Imagine there is a room filled with people and you want to describe the distribution of their ages. One way to do this would be to say that 10% of people in the room are younger than 20 years old, or that half are younger than 38. These are what are known as quantiles, one of the most useful tools in statistics.
Quantiles work well when measuring a single variable. But add another variable, such as salary, and the task becomes more difficult. If one person is older but makes less money than someone who is younger, who ranks higher? There’s no obvious answer. “There is no natural ordering in high-dimensional spaces,” explains Vladimir Kondratyev, a first-year doctoral student in Machine Learning at MBZUAI.
Kondratyev is co-author of a study that proposes a solution to address this problem. He and his co-authors use a mathematical framework known as optimal transport to make multivariate quantiles computable with neural networks. They then apply the quantile maps they generate to a technique called conformal prediction to produce coverage guarantees in multivariate settings.
The research will be presented at the 14th International Conference on Learning Representations in Rio de Janeiro. His co-authors are Alexander Fishkov, Nikita Kotelevskii, Mahmoud Hegazy, Rémi Flamary, Maxim Panov, and Eric Moulines.
The key insight driving Kondratyev and his co-authors’ research is that multivariate quantiles can be determined by using optimal transport. Rather than trying to impose an arbitrary ordering on high-dimensional data, optimal transport treats the quantile function as a map between a reference distribution and the actual data. This provides a geometrically meaningful way to rank points in high-dimensional space, from typical to extreme, that behaves like ordinary ranking in one dimension.
The theoretical foundations for optimal transport were developed by other researchers but translating the theory into an operation that a computer could perform on data hadn’t been fully explored. “Modeling multidimensional quantiles because it’s mathematically complex,” Kondratyev says. “But it’s extremely useful for all different scenarios, whether that’s for financial markets, demand modeling, or statistics generally.”
In the study, the researchers describe a “neural optimal transport framework” that uses input-convex neural networks to estimate continuous vector quantile maps and multidimensional ranks, and combines them with conformal prediction. To make training efficient, they use a technique called amortized optimization. The result is a framework that scales to dozens of dimensions while preserving theoretical guarantees that make quantiles so useful in the first place.
“Building on previous theoretical work, we have developed a numerical way to realize optimal transport with a neural network that we use to universally create a quantile function in high-dimensional spaces,” Kondratyev says.
To determine if their neural optimal transport framework could learn the geometry of complex distributions, the researchers tested it on several synthetic benchmarks, each designed to challenge it in different ways.
The “banana” dataset presents a parabola-shaped distribution that shifts and curves depending on a random, latent variable. The “star” dataset is a three-pointed star that rotates as a latent variable changes. The “glasses” dataset is bimodal, where the two separate clusters shift position. Each of these distributions has a structure that other approaches would struggle to capture because the shape of the distribution changes depending on the context.

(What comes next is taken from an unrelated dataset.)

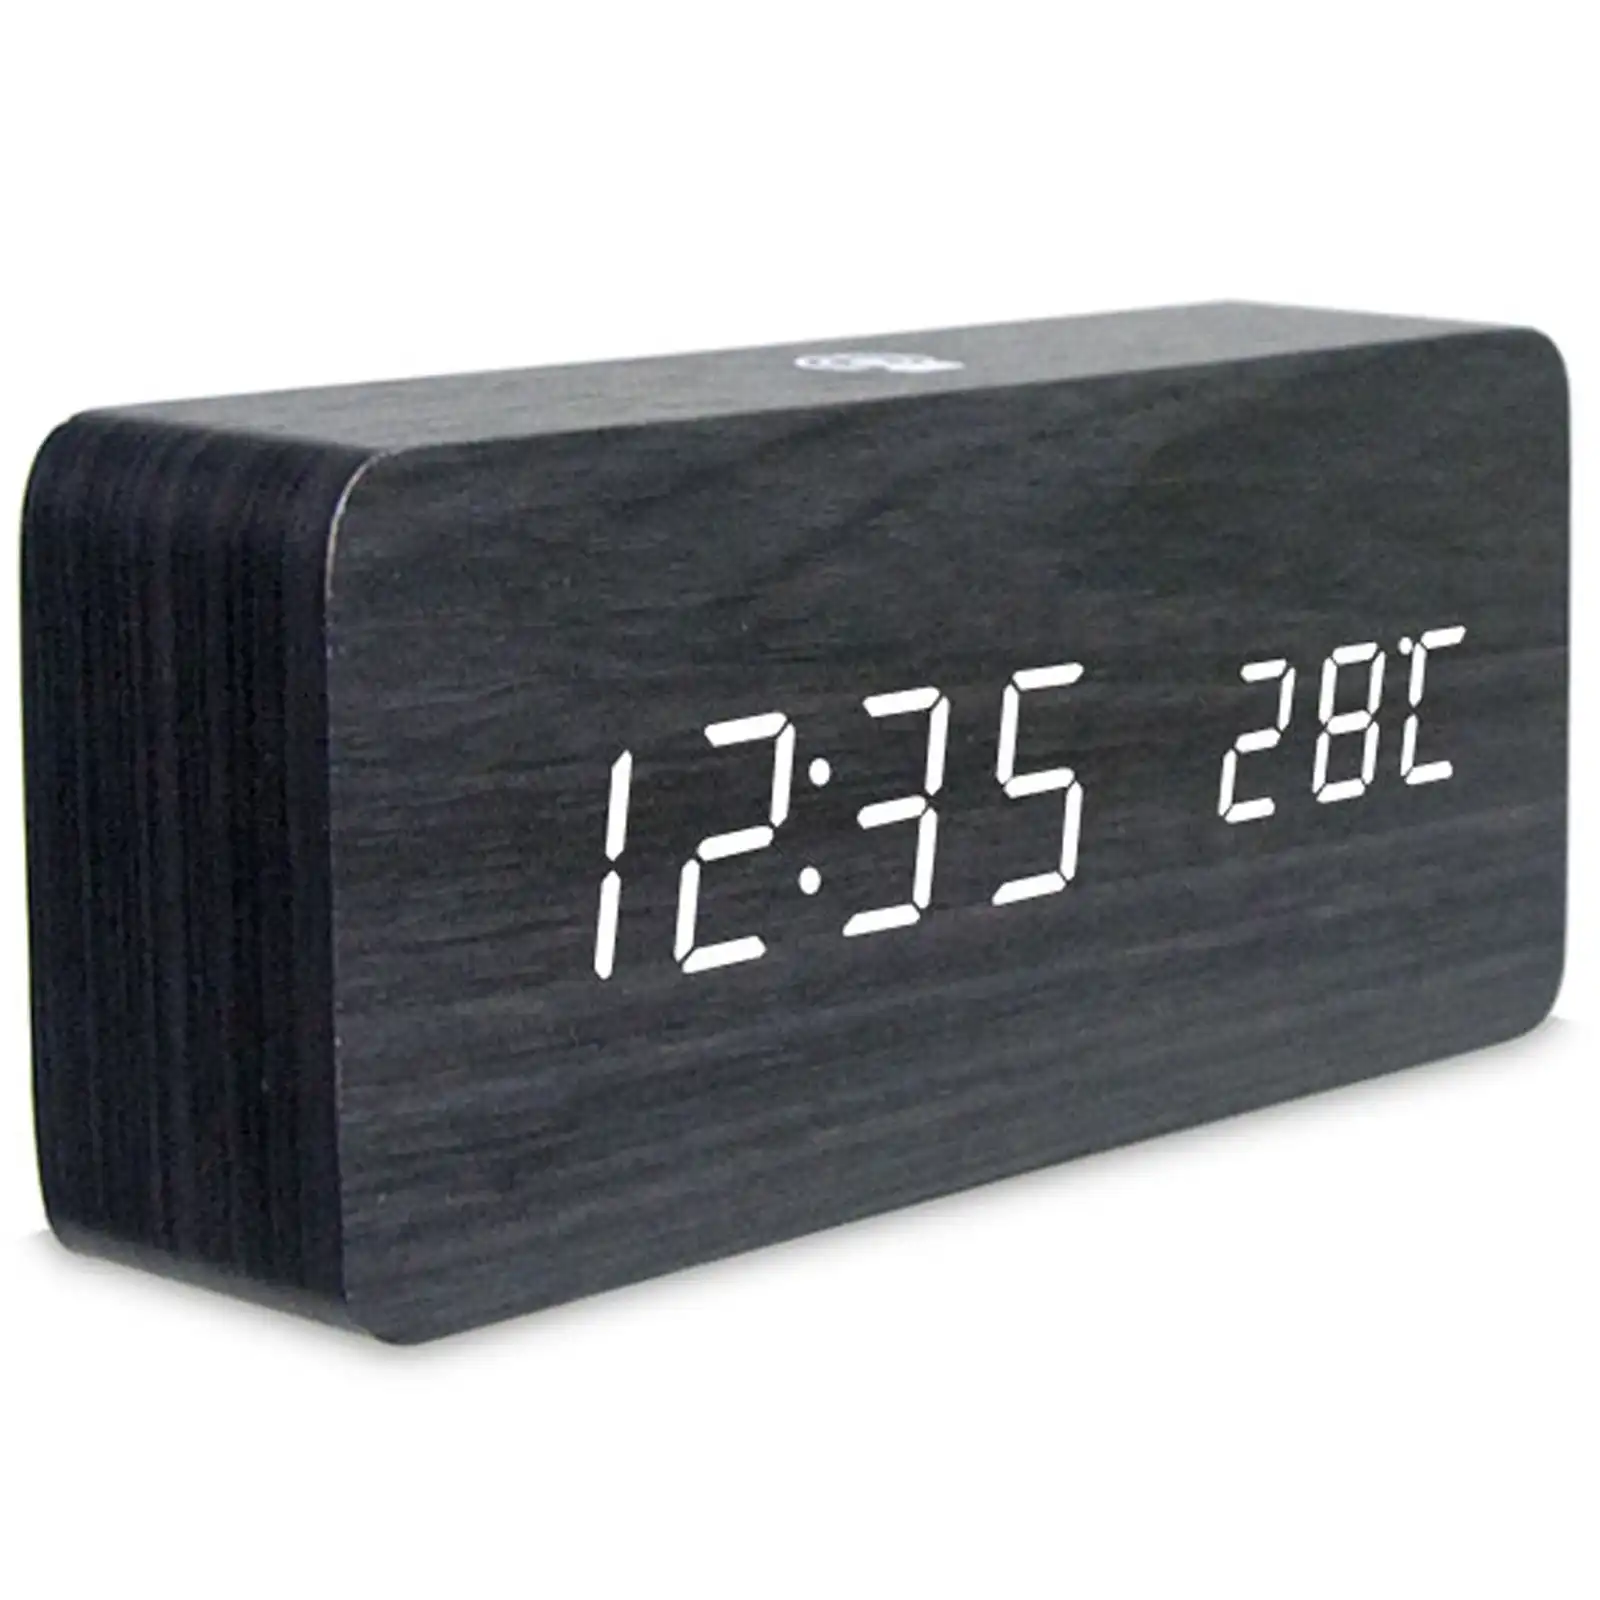 TODO Rechargeable LED Digital Alarm Clock Woodgrain USB Android iOS Control APP - Black
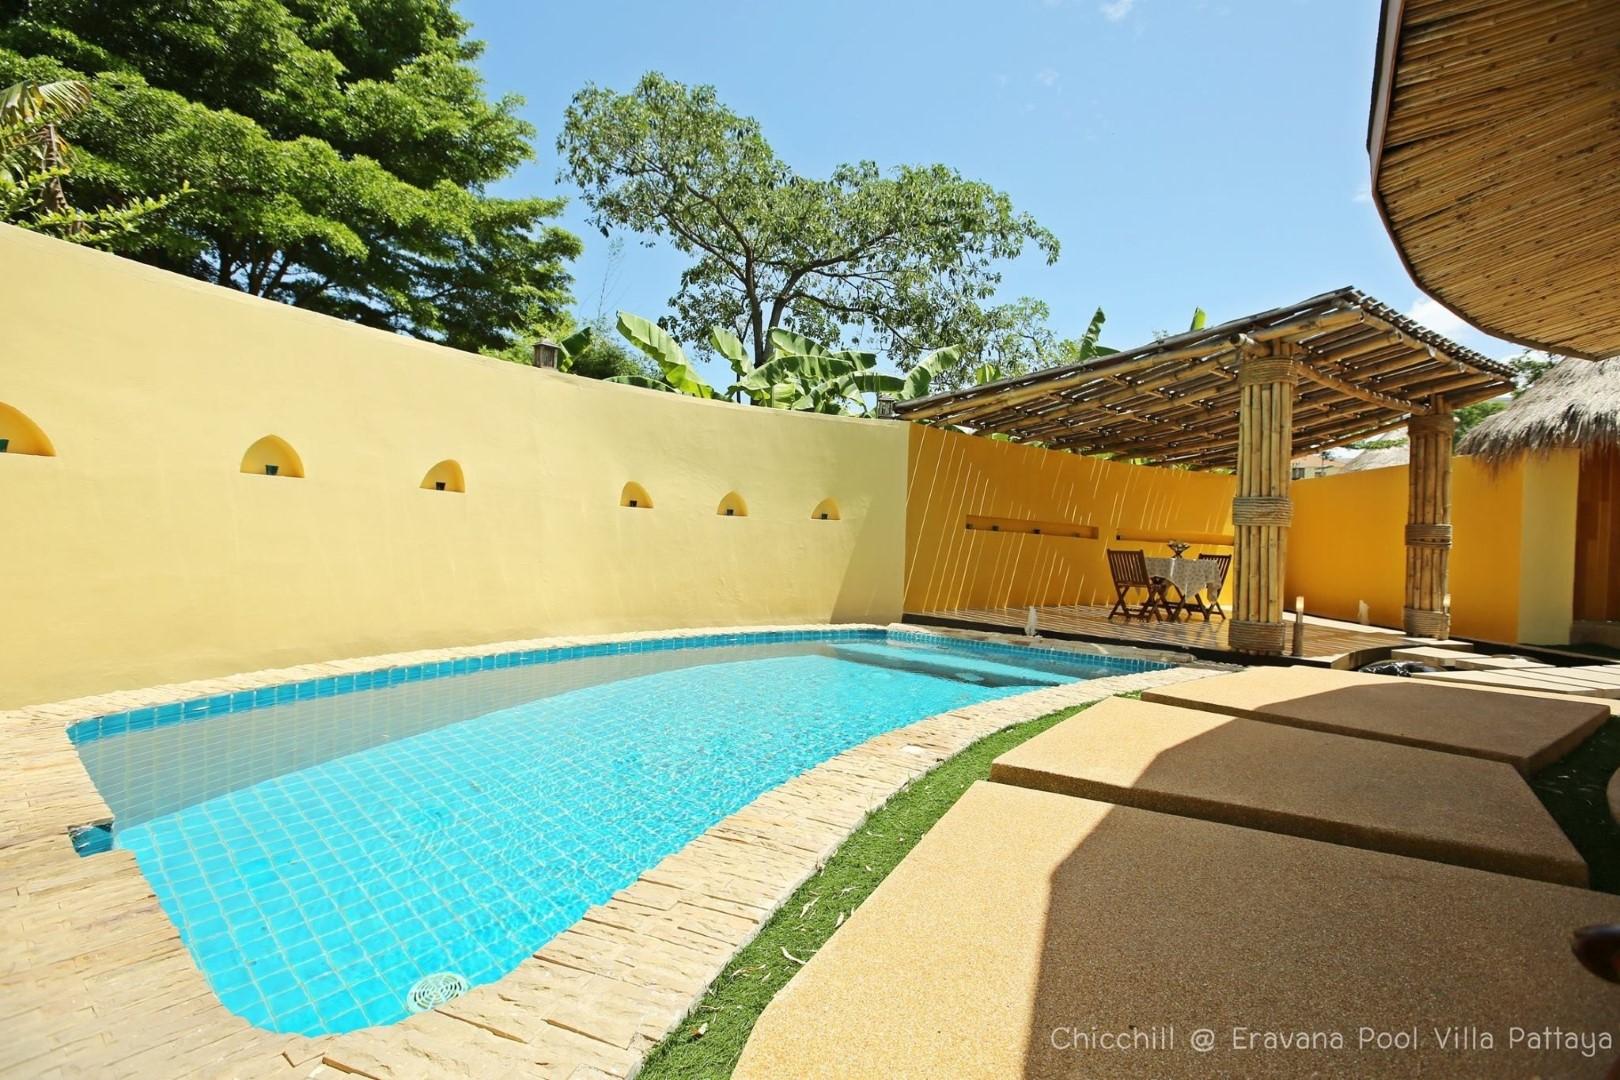 Swimming Pool 4 Chicchill @ Eravana, Pool Villa Pattaya

Measured against competing methods using a metric known as Wasserstein distance, which measures how far apart two distributions are, the framework consistently matched or performed better than baselines, including earlier vector quantile regression methods that don’t use neural networks. When the team tested their framework on Neal’s Funnel, a distribution designed to become more difficult as dimensionality increases, performance held up as the number of dimensions grew from two to 16.
Central to conformal prediction is what’s known as a conformity score, a measure of how extreme or outlying a data point is in relation to the full data distribution. The challenge in multivariate settings has been defining a meaningful conformity score when the data lives in multiple dimensions. Multivariate quantile rank maps solve this problem by providing a score that conformal prediction can then use to construct prediction sets.
Conformal prediction in multidimensional settings has been done before, but in a different way that tends to produce prediction sets that are larger than they need to be. By grounding their approach in multivariate quantile ranks, the researchers’ framework produces prediction sets that are tighter than other approaches.
Kondratyev says that one potential application of their approach is in medical image segmentation. Some current approaches to segmentation apply one-dimensional conformal methods pixel by pixel. A multivariate approach could instead produce a prediction mask that is guaranteed to cover a certain percentage of a cancerous region. Kondratyev says that this idea would of course need to be tested to see if it improved performance, but it’s one path forward.
Another relates to large-language models. When an LLM generates text, it samples from a high-dimensional distribution of possible next tokens. In principle, a multivariate quantile function could offer a new way of characterizing and sampling from that distribution. “To be feasible, we would have to scale our approach to an infinite number of dimensions,” he says, “but that’s the direction we are headed and it’s an interesting area to explore.”